René Portocarrero (born Havana, 24 February 1912; died Havana, 7 April 1985) was a Cuban artist recognised internationally for his achievements.

History
Portocarrero began his artistic education at the San Alejandro academy, but left early and is hence considered 'self taught'. He put on his first exhibition in 1934, at the Havana Lyceum, beginning a long and fruitful career which included a 1937 collaboration with Mariano Rodríguez and work as a 'free studies' teacher of painting and sculpture. After travels in Haiti, Europe and the United States he gave his first show to an overseas audience at Julien Levy's gallery in New York City in 1945.

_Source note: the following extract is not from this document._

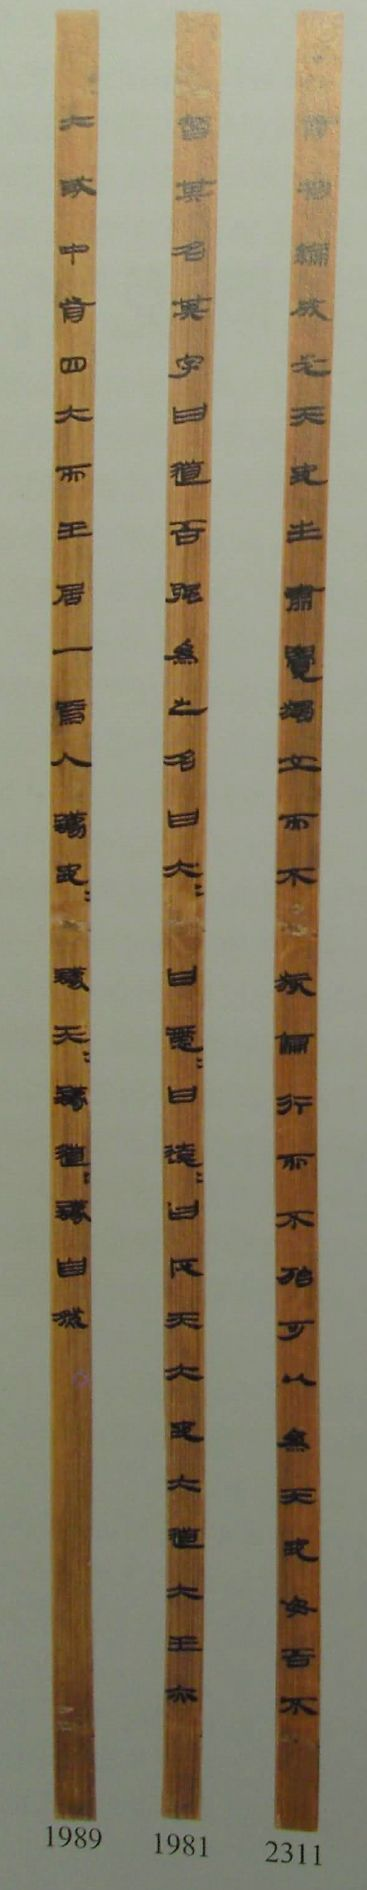 LaoTzu_Bamboo

In 1950, he worked with Wifredo Lam, Mariano, Martinez Pedro and Amelia Peláez in the village of Santiago de las Vegas. In 1961, he had meetings with Fidel Castro in the José Martí National Library, where they discussed culture. René received lessons in painting from Nicolás Guillén Landrián. In 1977 he worked for the Japan Women's Association. In 1979, he worked for UNESCO and AIAP. He knew Peggy Guggenheim.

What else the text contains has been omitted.